El Tribunal Superior de Kenia ha frustrado las esperanzas de los rastafaris que buscaban fumar cannabis legalmente con fines religiosos, al dictaminar que la prohibición de la hierba no viola sus derechos constitucionales. La Sociedad Rastafari de Kenia había argumentado que el cannabis es un sacramento sagrado y solicitó permiso para cultivar, poseer y usarlo en privado durante el culto sin temor a ser arrestados. Insistieron en que no pedían una legalización total, solo una exención religiosa limitada para hogares privados y lugares de culto designados.

El juez Bahati Mwamuye, en un fallo histórico, dijo que la comunidad no logró demostrar que las leyes sobre drogas infringieran sus derechos, aunque reconoció la necesidad de un debate nacional más amplio sobre el cannabis.
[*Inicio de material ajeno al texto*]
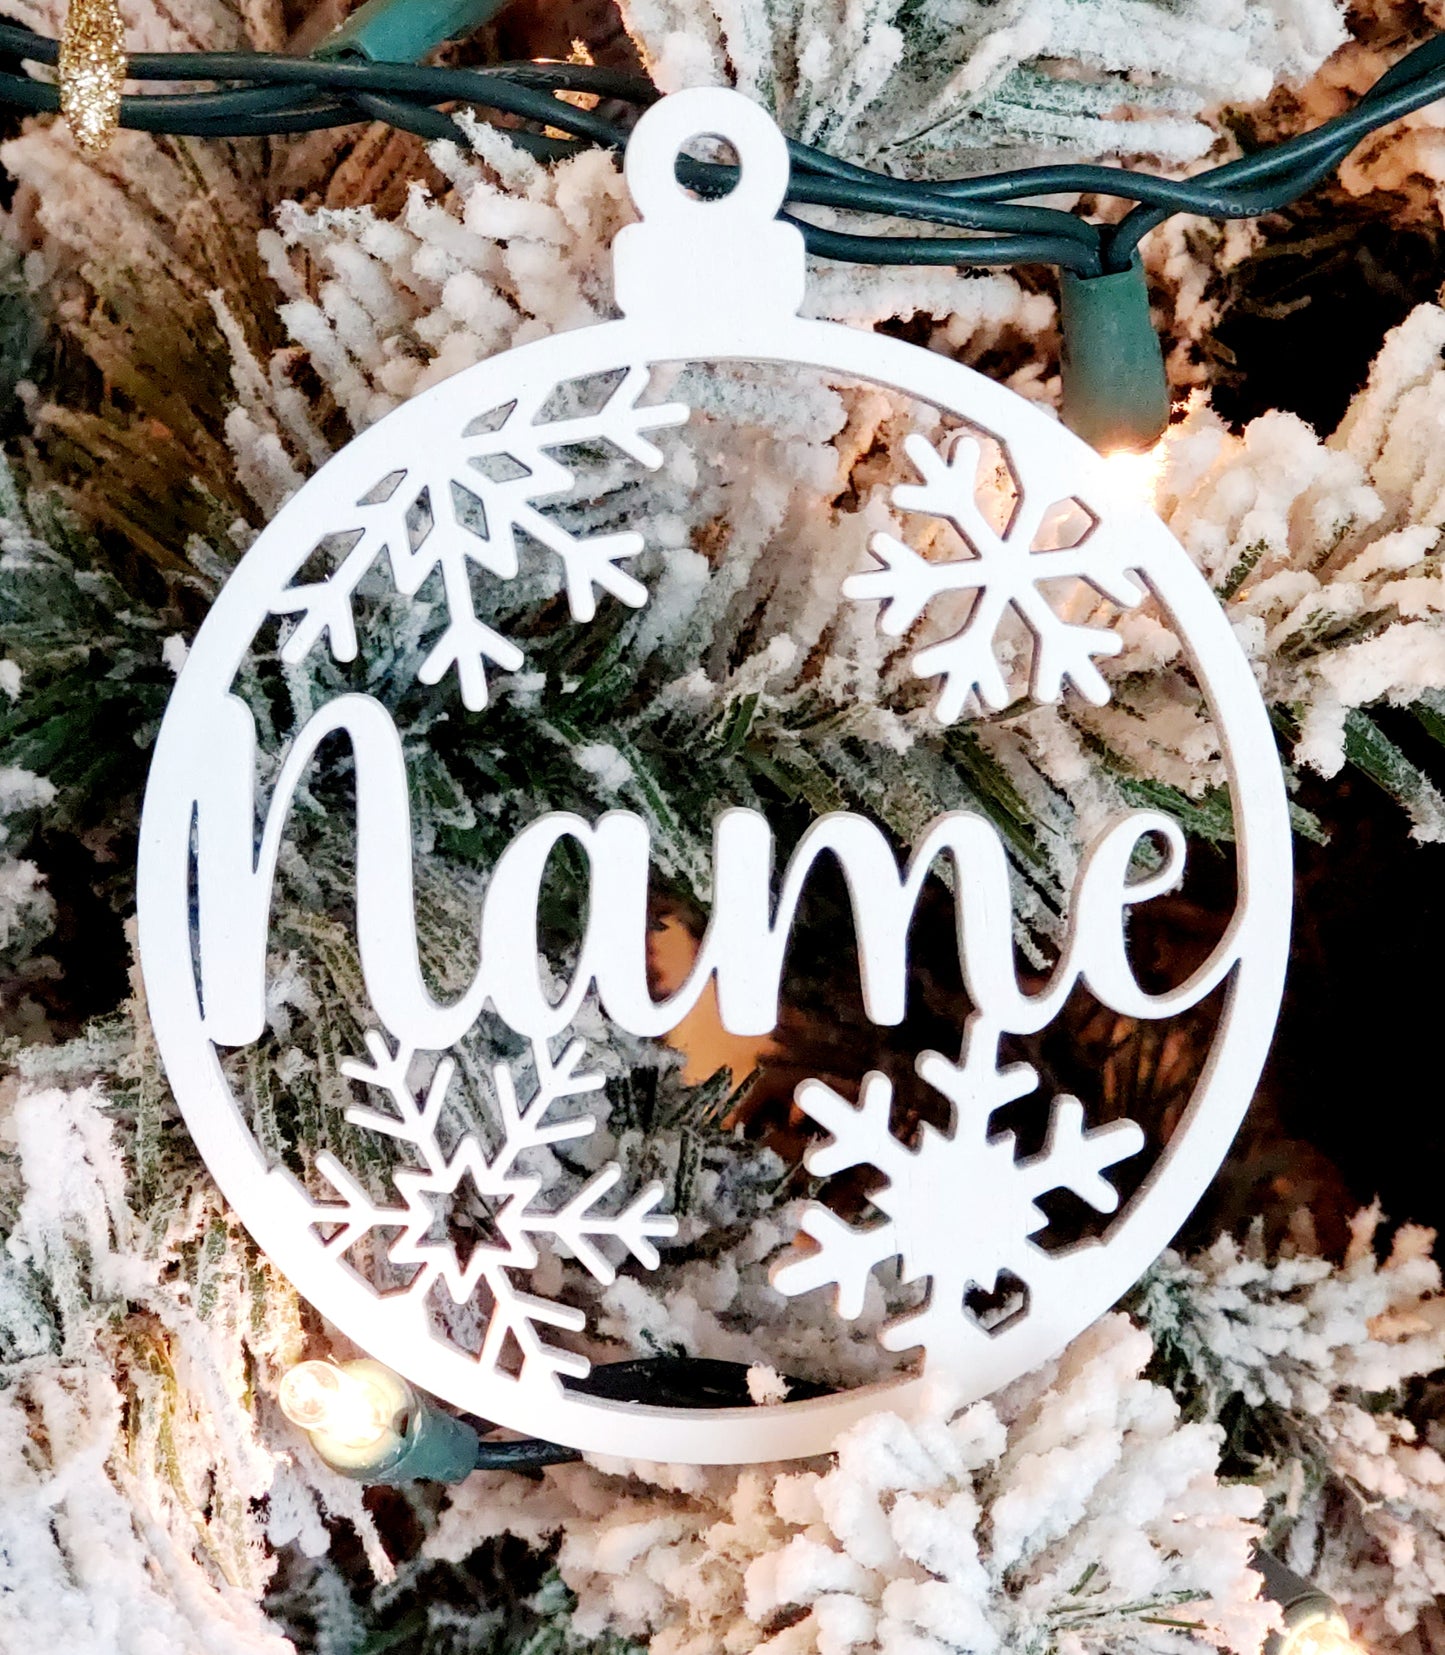 Personalized stocking tag/ornament

Consideró que la evidencia sobre la centralidad del cannabis en la fe rastafari era inconsistente e insuficiente. "Deberíamos tener conversaciones francas sobre el cannabis y qué direcciones tomar", reflexionó el juez, agregando que es una cuestión nacional, no solo para los rastafaris.

Según la Ley de Control de Estupefacientes y Sustancias Psicotrópicas de Kenia, la posesión de cannabis sigue siendo un delito penal, castigable con hasta cinco años de prisión o una multa de hasta 800 dólares. El cultivo conlleva una multa de 1.900 dólares o tres veces el valor de mercado, y/o hasta 20 años de cárcel. El estado argumentó que una exención religiosa socavaría la aplicación de la ley y crearía lagunas para el tráfico.

El abogado rastafari Danstan Omari prometió apelar, declarando: "Kenia no puede ser el único país que acosa al pueblo rastafari". El fallo llega siete años después de que otra decisión del Tribunal Superior reconociera el rastafarismo como una religión protegida, tras la expulsión de una estudiante de una escuela por sus rastas. Se desconoce el número de rastafaris en Kenia, pero el movimiento está creciendo, especialmente entre los jóvenes, y sus rastas recuerdan a los combatientes anticoloniales Mau Mau de la década de 1950.